Plotting stratigraphic column is way to hard as an exercise. I replaced it with a library call, but that doesn't leave much for an exercise. I really like the platform morphology task, though I'm afraid that to recreate some of these morphologies needs some additions to the transport model or other changes to CarboKitten itself. This could be fun to look into on the afternoon, or Tuesday!

jhidding commented 1 week ago

I managed to squeeze in an interactive demo, similar to the carbo_explorer. Also some minor improvements.

EmiliaJarochowska commented 1 week ago

I edited at the same time. Resolving conflicts in notebooks is a nightmare. It might be that I destroyed something, but too tired now to continue.

This seemed illogical:

If you downloaded this notebook to an empty directory, using "." would be a good choice. and then

OUTPUTDIR = "../../data/output"

If we tell people to use . then that's what should be in the example.

Btw, initial topography and bedrock elevation are not the same things. What we have in CarboKitten is initial topography (literally) i.e. heights in different grid cells, not bedrock elevation - that is just a height w/r to some arbitrary point on earth.

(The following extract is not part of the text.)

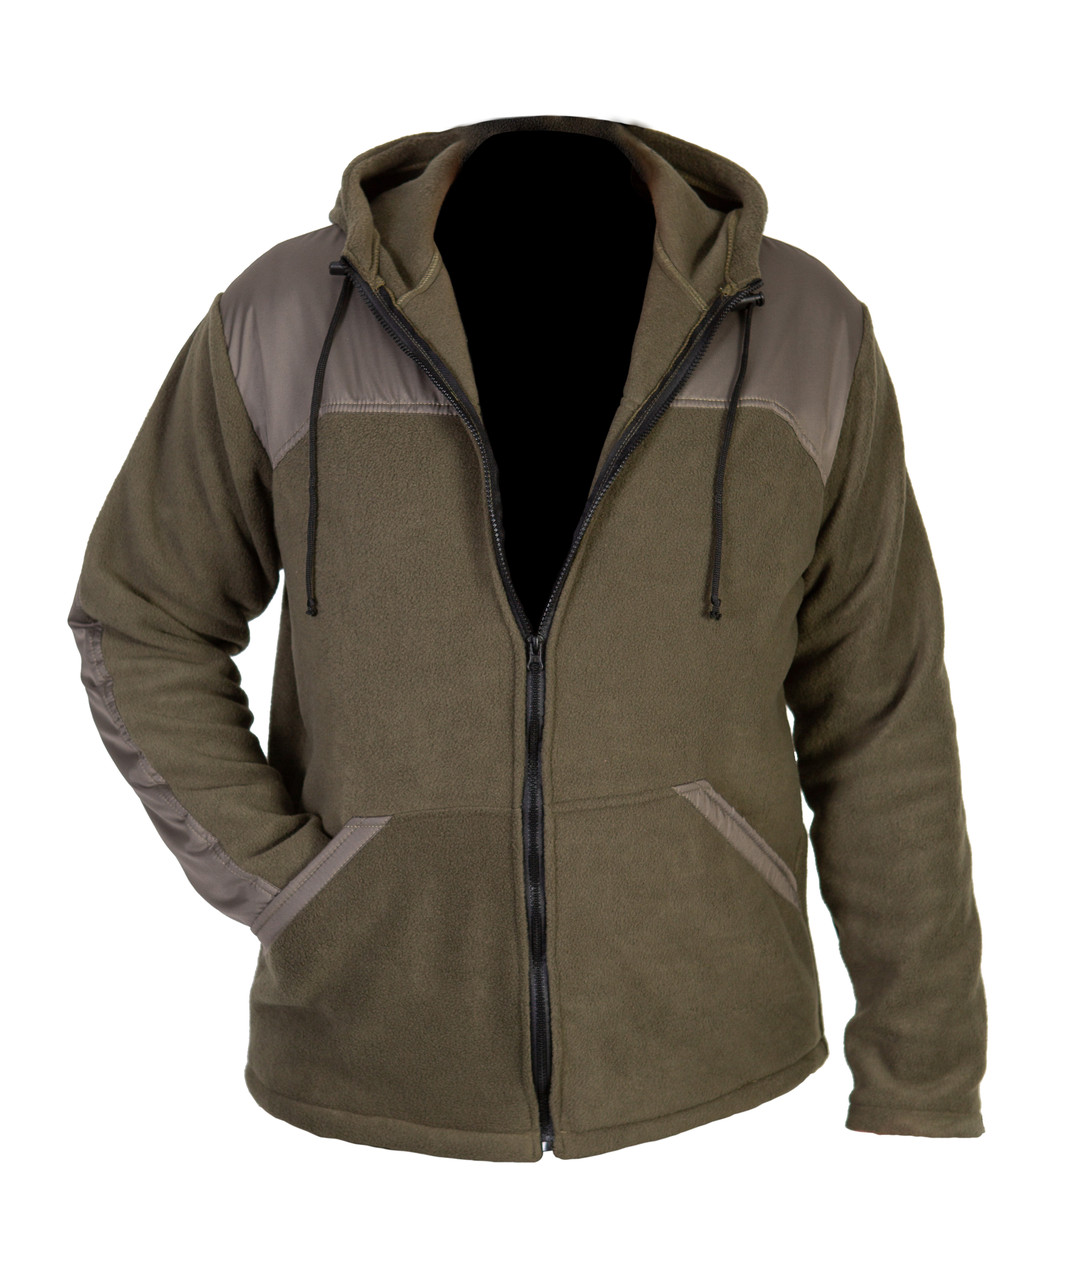 Куртка из флиса на молнии, размер 3XL, цвет олива
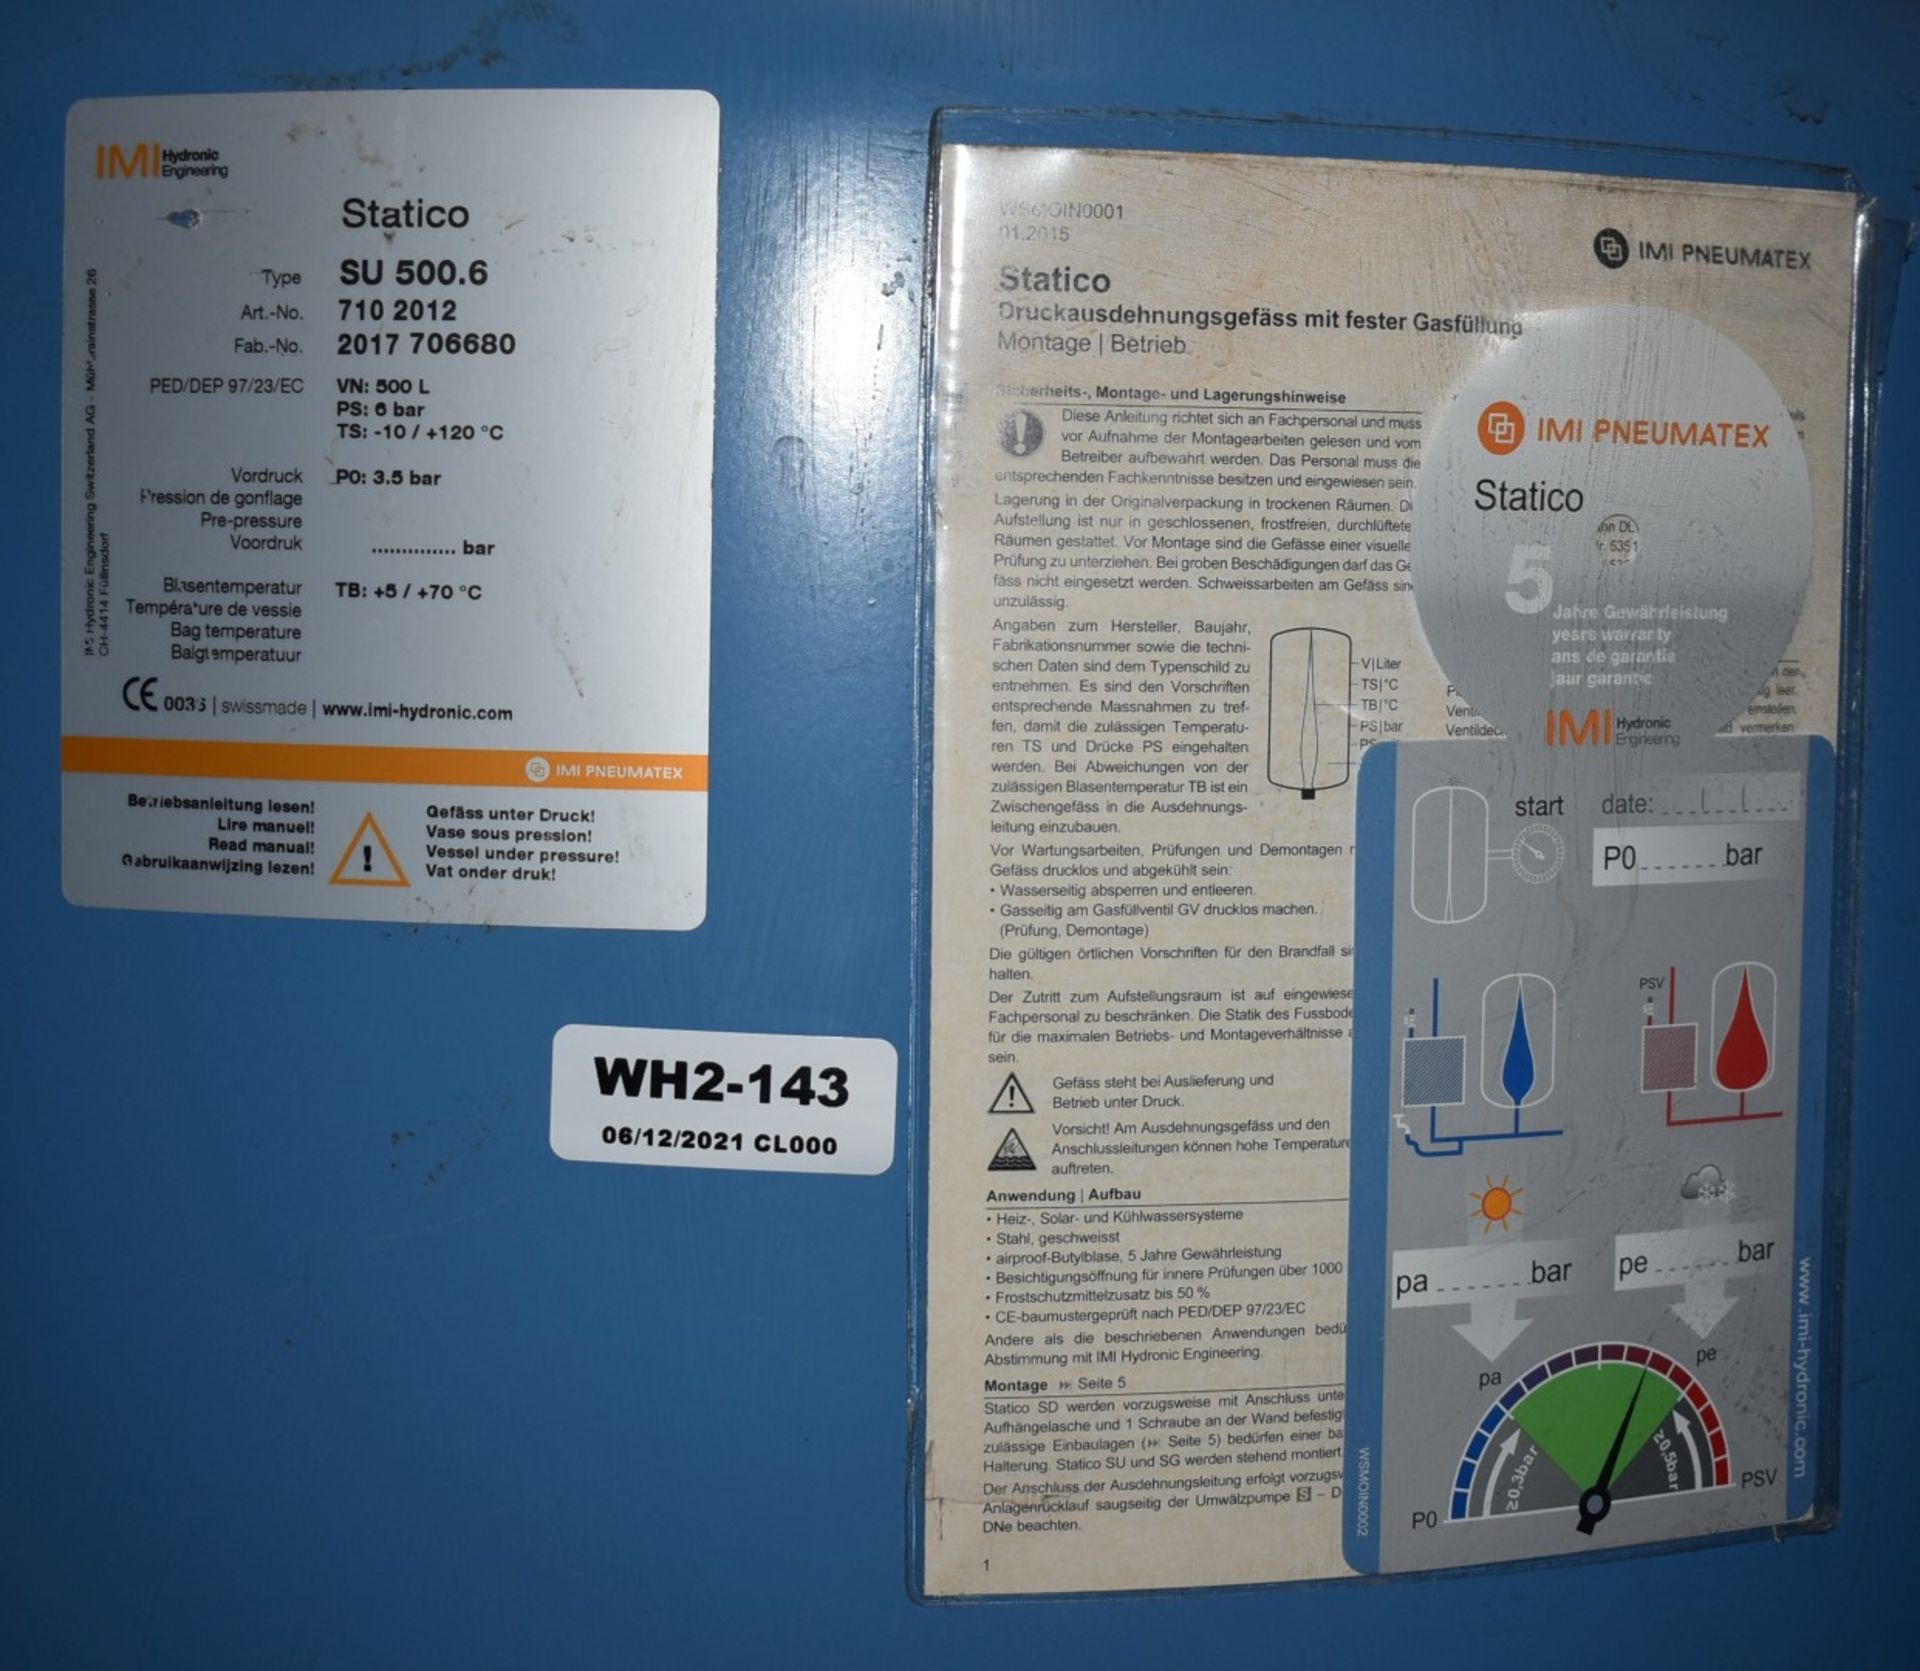 1 x Pneumatex Statico 500L 6 Bar Pressure Expansion Vessel - Product Code: SU 500.6 - RRP £1,678 - Image 3 of 7

EmiliaJarochowska commented 1 week ago

I do wonder though what are all these files: Tutorial_Notebook backup 1.jl src/Burgess2013/Production 2.jl src/Burgess2013/Transport 2.jl src/CaProd 2.jl etc

git shows me a lot of gibberish on this branch

jhidding commented 1 week ago

Don't know about most of these. Sometimes Pluto creates a backup file, but only for opened notebooks.

HannoSpreeuw commented 1 week ago

I am simply executing the commands from first_tutorial: I know it's greyed out, but the ambitious user should be able to execute

run_model(Model{ALCAP}, Example.INPUT, "$(OUTPUTDIR)/example.h5")

right? However, that gives:

UndefVarError: `Model` not defined in `Main.var"workspace#28"`

So apparently an import is missing.

jhidding commented 6 days ago

The idea is for people to download the notebook. Have a little patience. In an hour or so, everything should work fine.